療育が必要と見られる乳幼児は全乳幼児の約6.5%

 アートコーポレーション(大阪府大東市、寺田千代乃社長)の子会社アートチャイルドケアは、発達に課題のある乳幼児の児童発達支援の専門療育教室「アートチャイルドケアSEDスクール」を全国展開する。5年後に首都圏や関西、中部地域の中核都市などを中心に約50カ所の開設を目指す。

 同教室は1歳半から小学校入学前で、会話が十分できないなど発達に課題のある乳幼児を対象に療育する施設。7月に埼玉県朝霞市に1号施設を開設し、10月には奈良市にも開設する。
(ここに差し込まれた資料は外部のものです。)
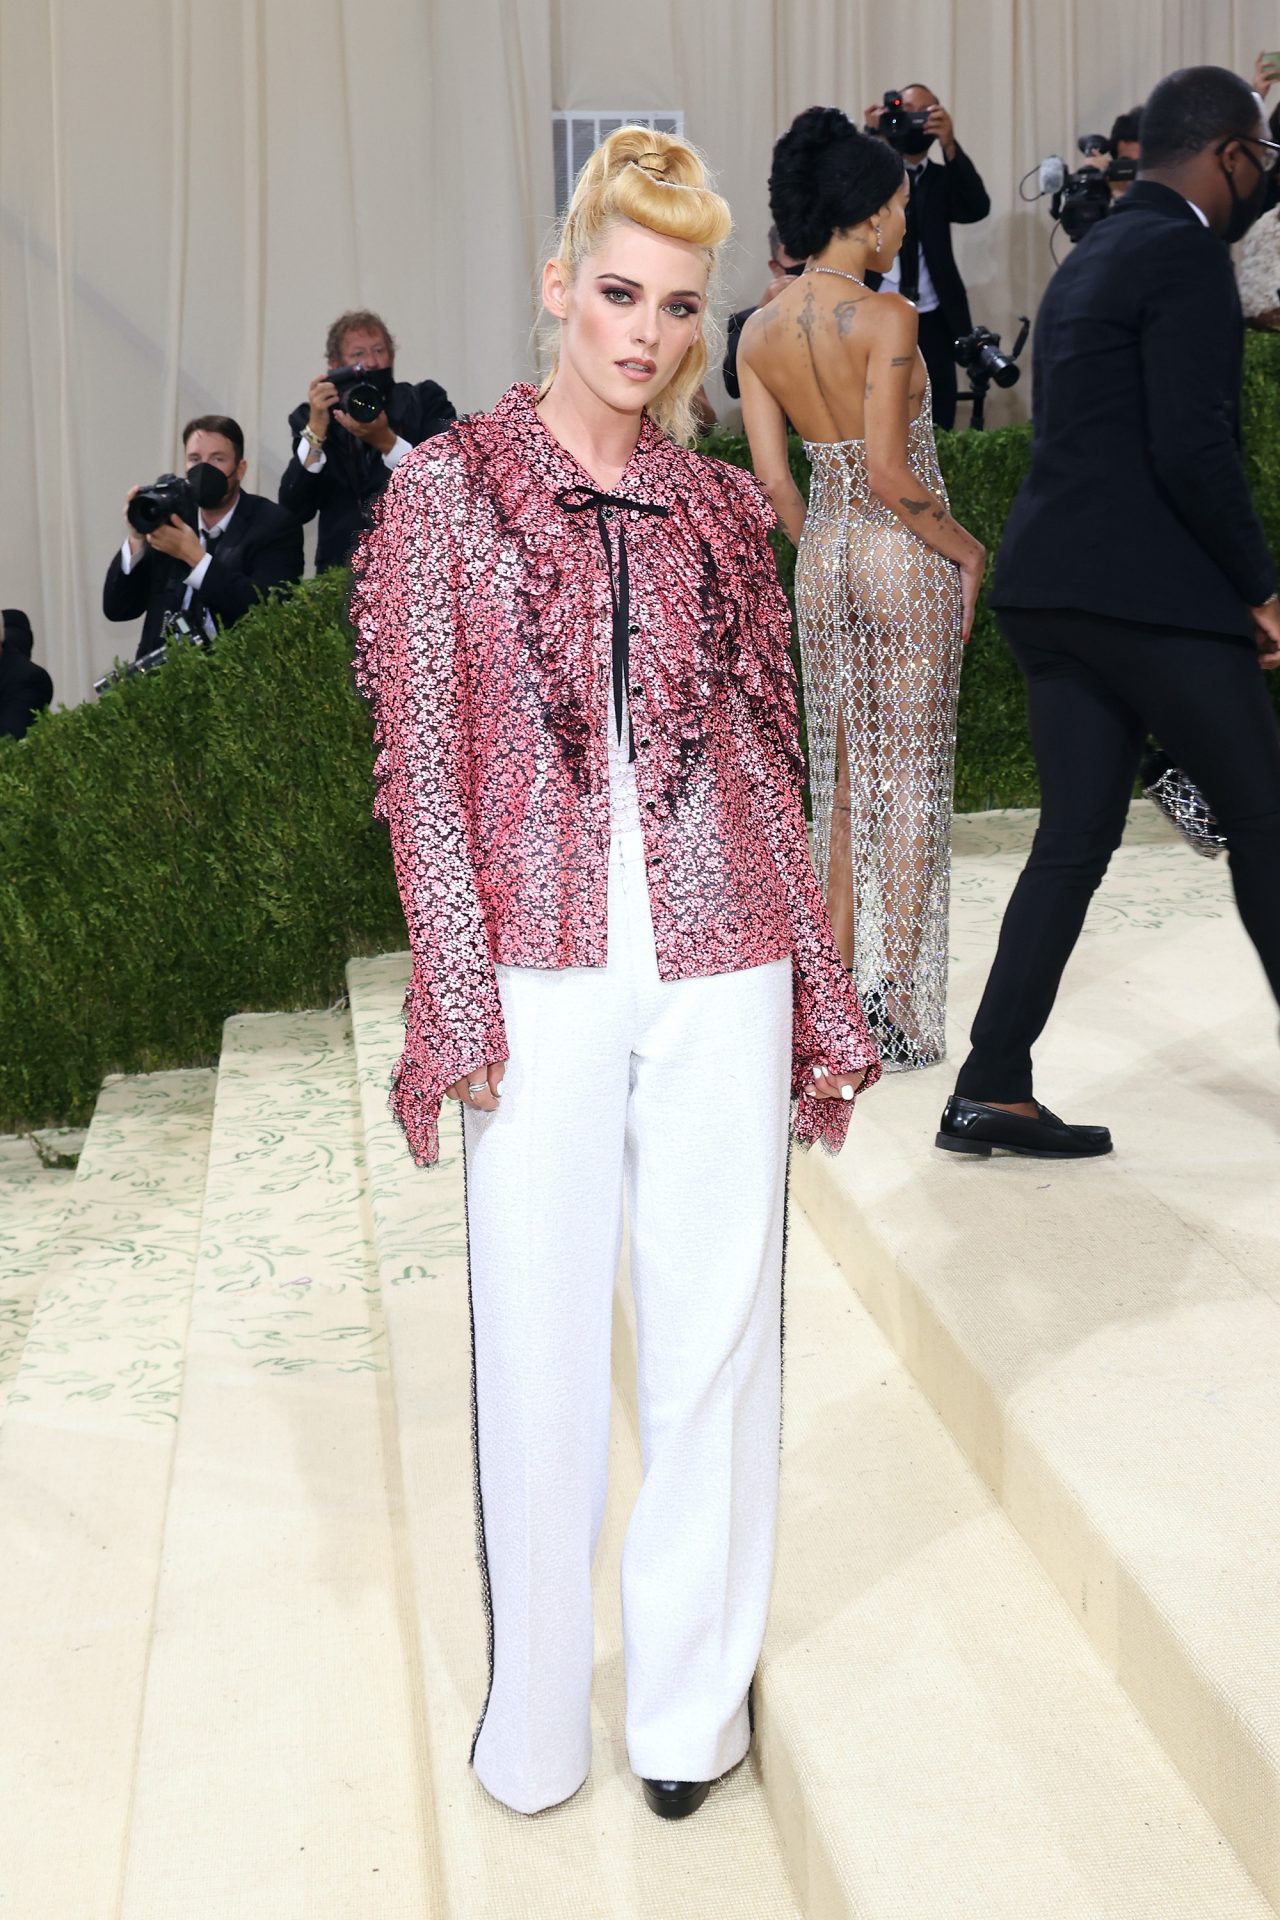 NEW YORK, NEW YORK - SEPTEMBER 13: Kristen Stewart attends the 2021 Met Gala benefit "In America: A Lexicon of Fashion" at Metropolitan Museum of Art on September 13, 2021 in New York City. (Photo by Taylor Hill/WireImage)

2017年2月に札幌でも開設する予定のほか、2カ所での開設を検討している。

 同教室には児童発達支援管理責任者のほか、保育士、音楽・作業などの療法士、福祉士を配置。自治体への申請方法、プラン作成などの相談に応じる。契約後は同教室に通い各種遊具やカードゲームで感覚や運動リズムを療育する。また同社顧問で、子供の睡眠と発達医療を研究する三池輝久熊本大学名誉教授の指導の下に、睡眠を正しくとることで発達問題を改善に導く「眠育」プログラムにも必要に応じて取り組む。利用は行政から受給者証を発給されると本人負担が1割、1回に付き1000―1300円で療育を受けられる。

 療育が必要と見られる乳幼児は全乳幼児の約6.5%を占め、そのうち児童福祉施設などを活用する割合は10%弱と言われている。同社が運営する全国180カ所の認可保育園でもこうした悩みを持つ親がいるため保育園と連携して療育を進めていく。